If I check mysql reference show table status seems to be very inaccurate if we take it for the number of rows, but the datalength seems to be accurate. Is your SQL statement keying off the same values that show table status is?

Rows

The number of rows. Some storage engines, such as MyISAM, store the exact count. For other storage engines, such as InnoDB, this value is an approximation, and may vary from the actual value by as much as 40 to 50%. In such cases, use SELECT COUNT(*) to obtain an accurate count.

Stefan

14 years ago

Quick question.
I have a large MYISAM TABLE with 4 fields ( id = primary key, categID = int index, subcategID = int index, content= blob [ this field has a serialized array – avg 9KB ] ) ; this table has 5,000,000 records. The size of it is 9GB ( has serialized arrays ). An select like SELECT content FROM table WHERE categID = ‘categID’ AND subcategID = ‘subcategID’ takes ~ 4 – 5 seconds. Any idea to speed up this functionality?

Jonathan Bayer

14 years ago

Stefan,

Why not make a combined key of categID, subcategID?
CREATE INDEX index_2 on table(categID, subcategID)

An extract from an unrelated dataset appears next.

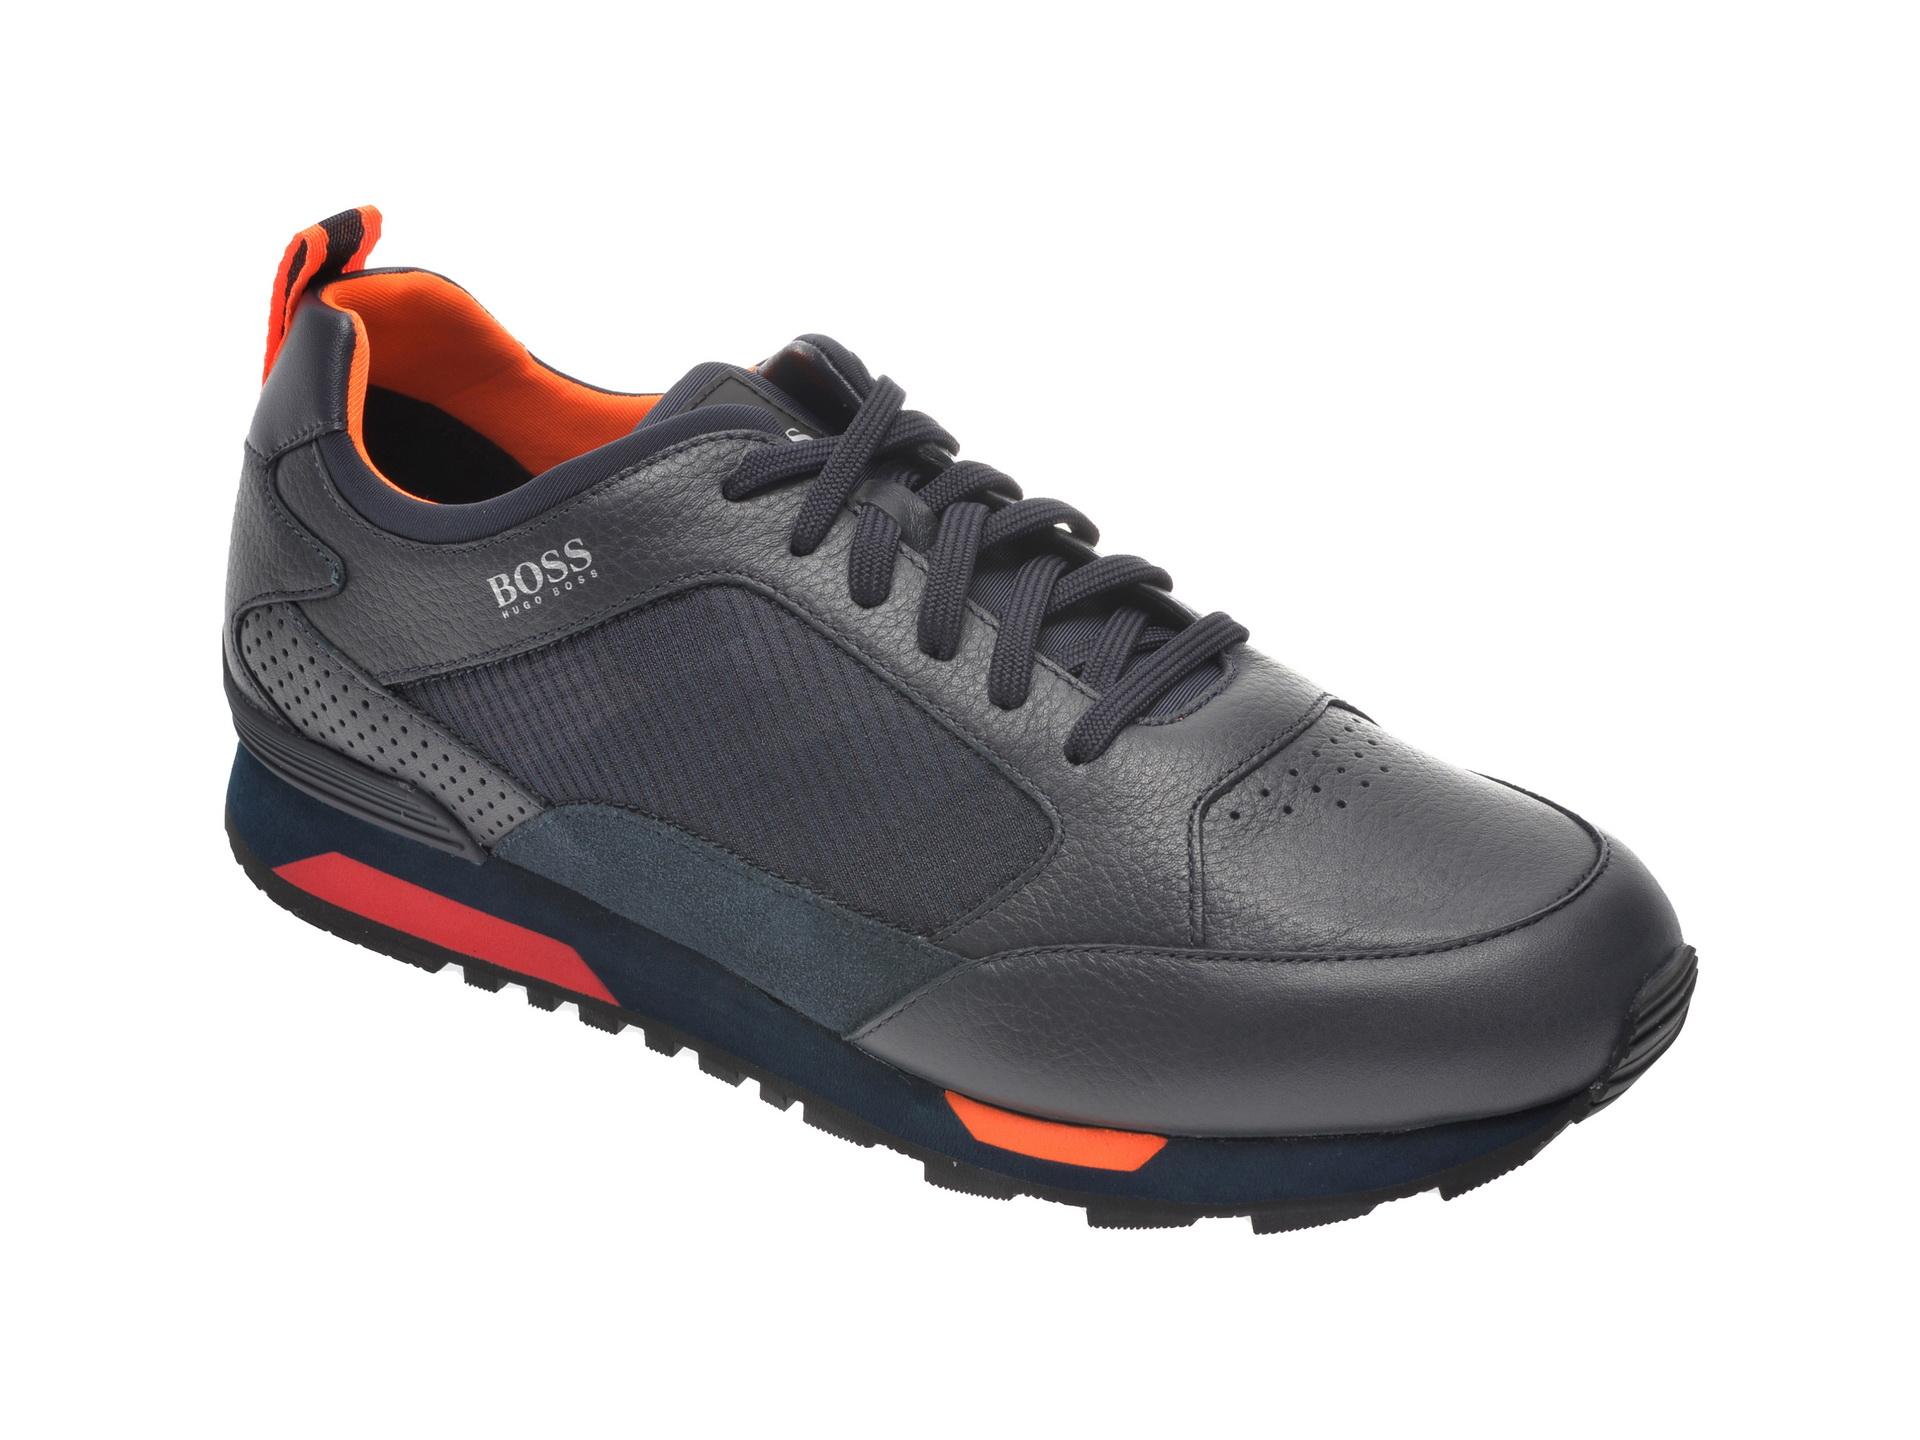 Pantofi sport HUGO BOSS bleumarin, 8483, din material textil si piele naturala imagine

Right now, if I’m reading it properly, you reference the categID index, and then scan everything in that index. If you make a combined key, it can do both at the same time.

JDS

14 years ago

How do the results of these queries compare to the size of the tables on disk? For example, using file_per_table, if the total_size column equals 1GB, how will this relate to the actual size of the table.ibd file on disk?

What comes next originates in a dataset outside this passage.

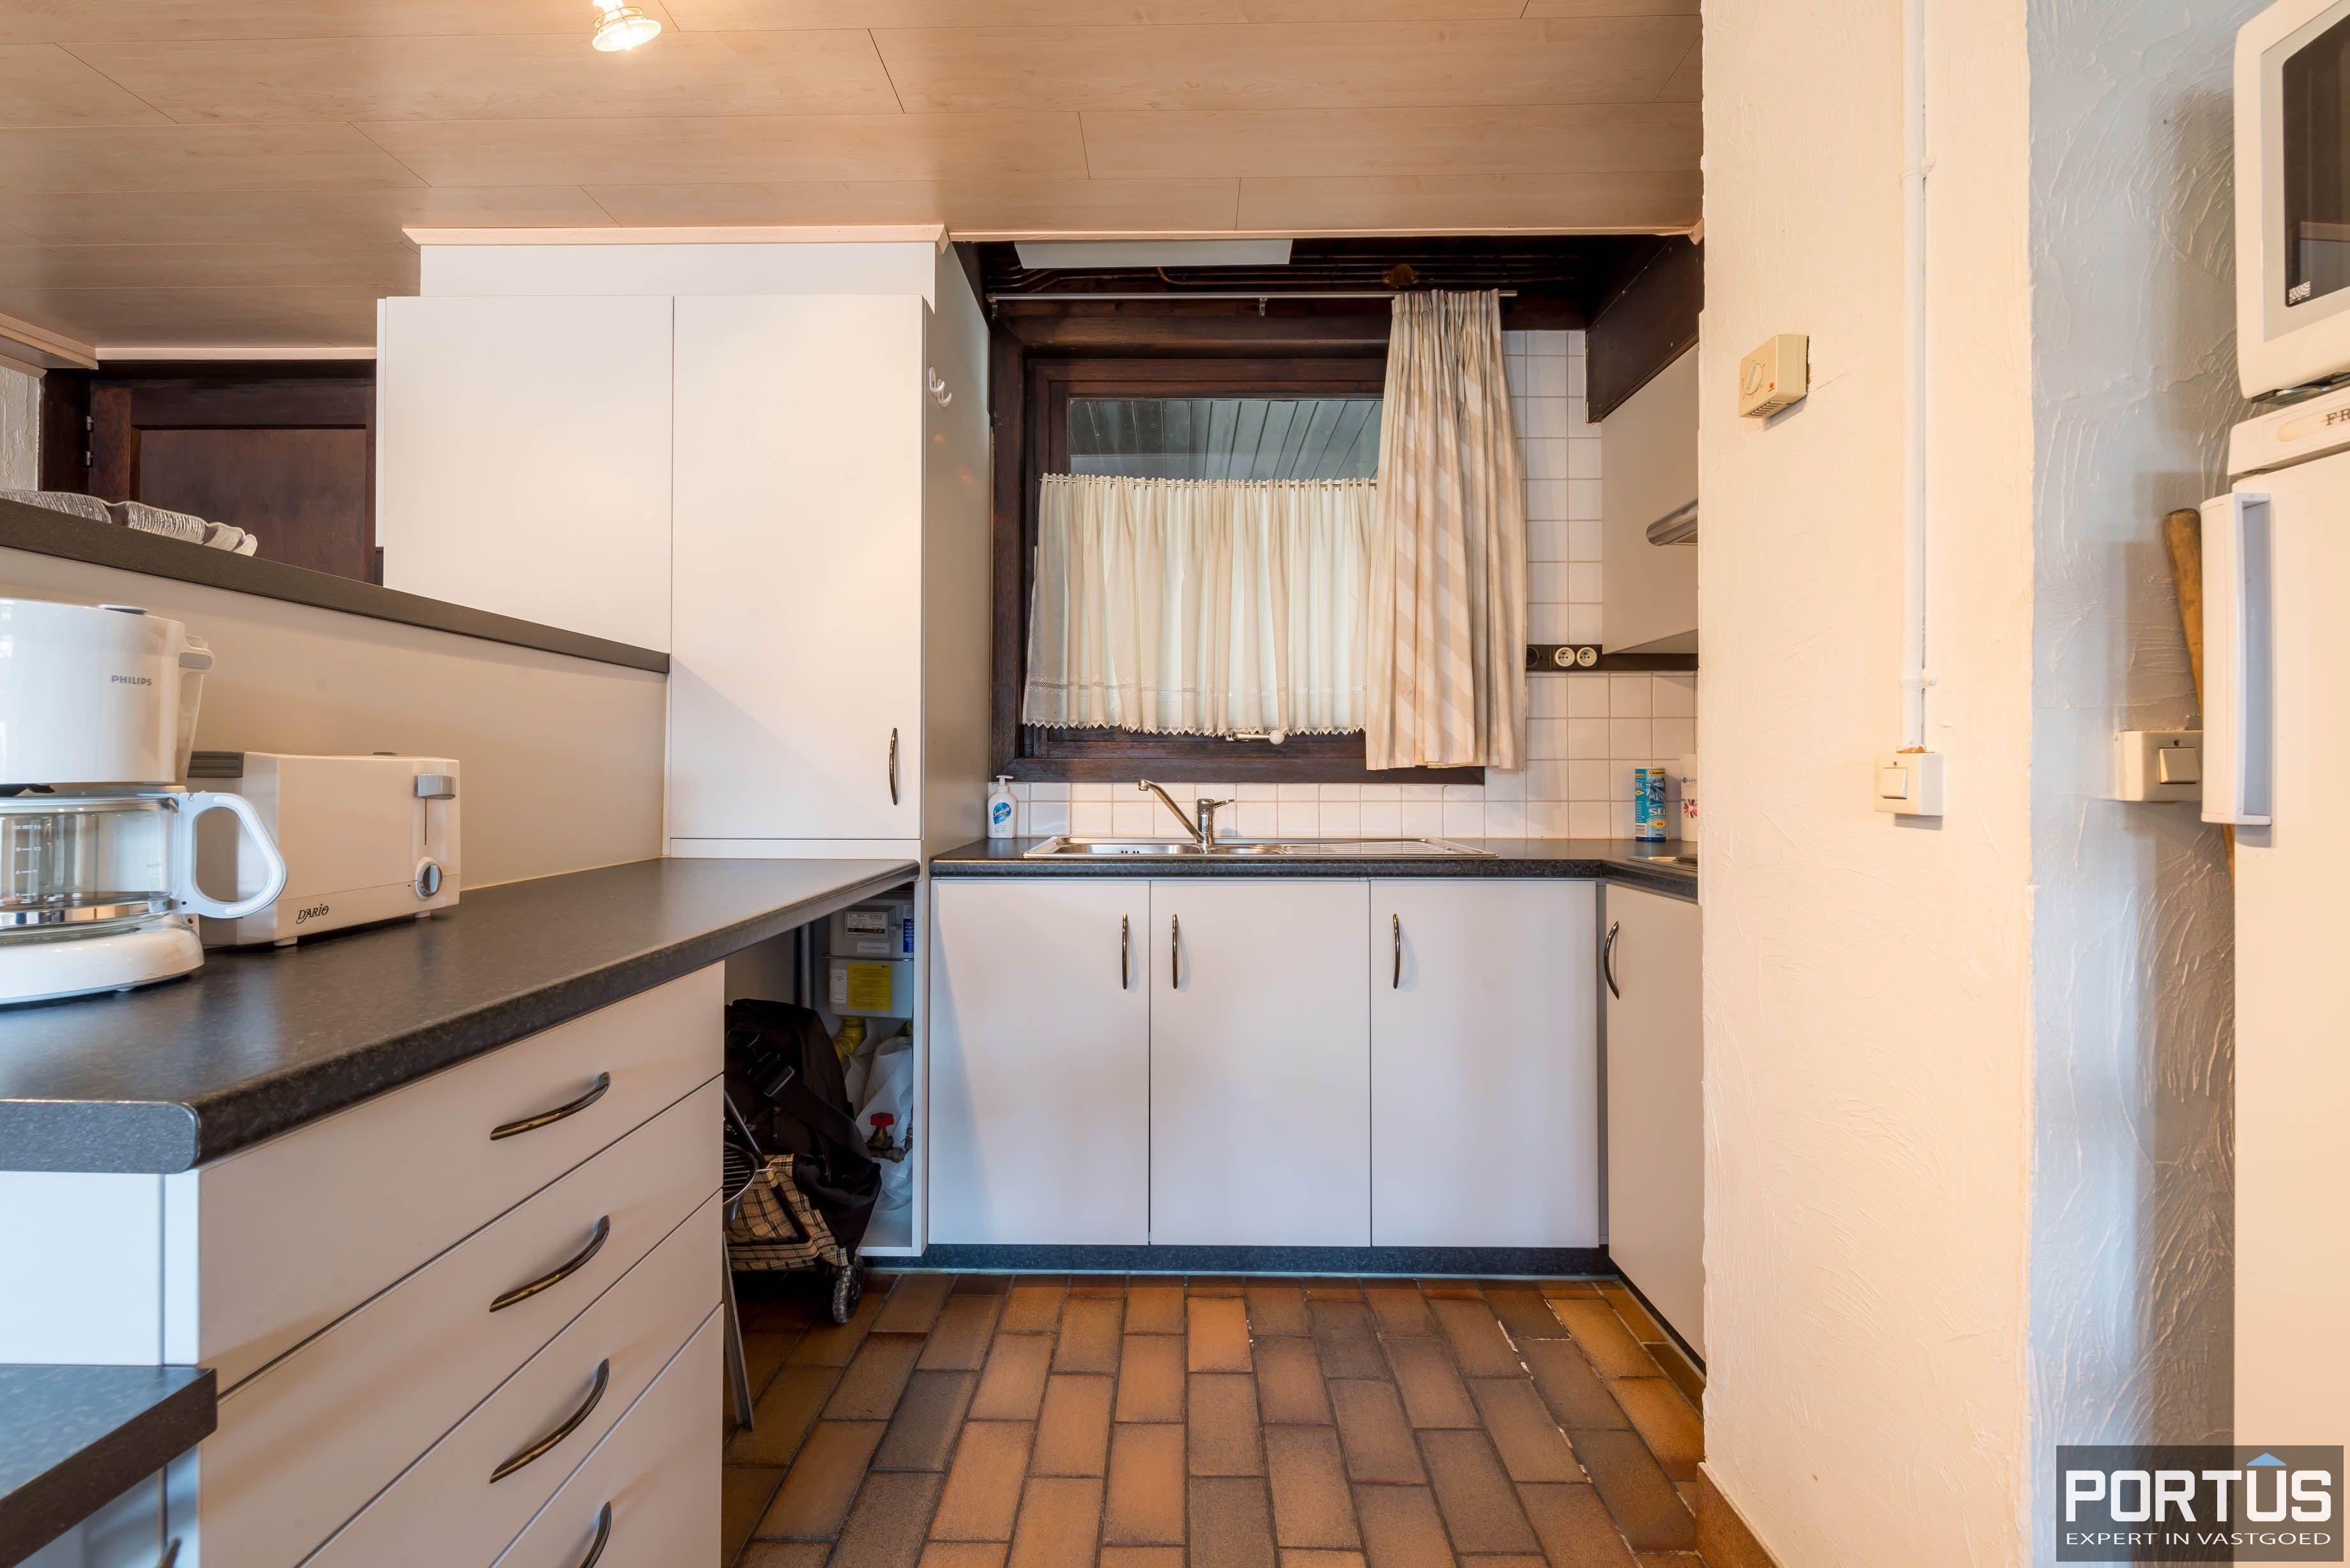 Woning te koop Nieuwpoort 4 slaapkamers en parking - 5581

I understand that the size of the table.ibd file will not shrink if data is deleted. However, what I’m wondering is if there is a large discrepancy in the sizes, is this an indicator that it may be a good opportunity to run OPTIMIZE and thus reclaim some hard disk space?

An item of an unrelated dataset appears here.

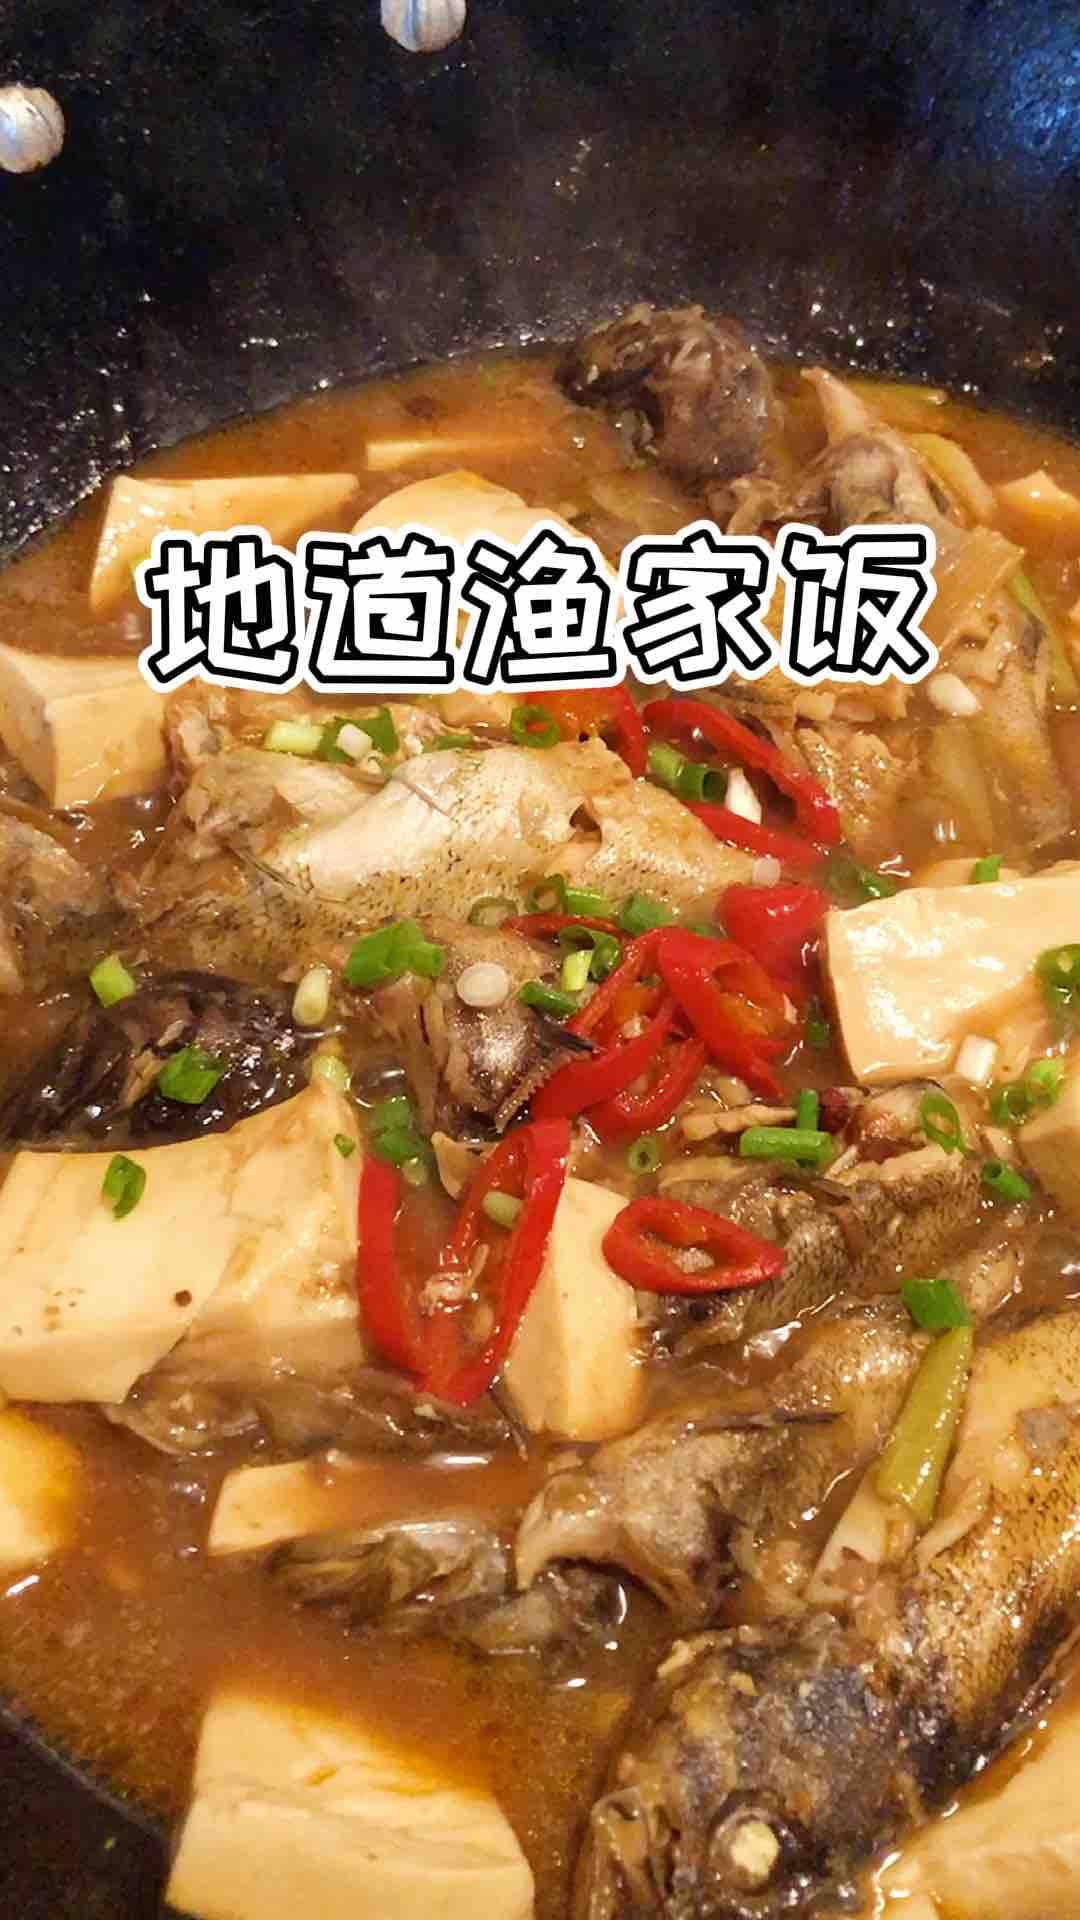 海鱼炖豆腐

Taking real-world data, I have for example a table that looks like this from the query in this article:

+—————————————+———+——–+——–+————+———+
| CONCAT(table_schema, ‘.’, table_name) | rows | DATA | idx | total_size | idxfrac |
+—————————————+———+——–+——–+————+———+
| databasename.tablename | 147.23M | 24.47G | 25.38G | 49.85G | 1.04 |

Key point: total_size is 49.85GB

On disk, that table’s .ibd file looks like this:

# cd /var/lib/mysql/databasename
# ls -lh tablename*
-rw-rw—- 1 mysql mysql 8.7K 2010-08-05 16:31 tablename.frm
-rw-rw—- 1 mysql mysql 58G 2012-04-24 13:41 tablename.ibd

On disk vs the information_schema query, there is around 9GB discrepancy. Does this have any real world meaning?

Thanks

14 years ago

Thank you very much for this handy query! I adjusted it down from gigabytes to megabytes to suit my needs and it’s working great!

Simon

14 years ago

Thanks, very helpful!

kavitha

13 years ago

Mysql sever version 5 and above has all these posiblities to fetch data from information_schema. But the lower versions like 4.X.X dont have information_schema. Any idea to get the memoy of each schema and largest tables under each schema??

Pavel

12 years ago

Thank you boy!

Rahul Kadukar

12 years ago

Hi,

This does not give exact results, if you are running innoDB. Any suggestions ?

Jason

11 years ago

Awesome man I was looking for exactly this to find out which tables were being bad little piggies! Thanks!!!

Vedavrat

10 years ago

Thank you!

I rewrite your query.
Such way

SELECT CONCAT(table_schema, ‘.’, table_name),
CONCAT(ROUND(table_rows / 1, 0), ‘ r.’) rows,
CONCAT(ROUND(data_length / (1024*1024), 1), ‘ MB’) data,
CONCAT(ROUND(index_length / (1024*1024), 1), ‘ MB’) idx,
CONCAT(ROUND((data_length+index_length) / (1024*1024), 1), ‘ MB’) total,
ROUND(index_length / data_length, 2) idxfrac
FROM information_schema.TABLES
ORDER BY data_length + index_length ASC

seem to me to be more useful.

Vikas Arya

10 years ago

HI ,
i am using mysql server version 5.1(Free version).i have table whose size is 3.93G and this table contain ‘7240704’ rows and i want to insert 9000000 more rows into this table but at the time of insertion server gives error message like Error Code: 1114. The table ‘form_data_archive’ is full.
what should i do i am facing this problem on production server please help ASAP.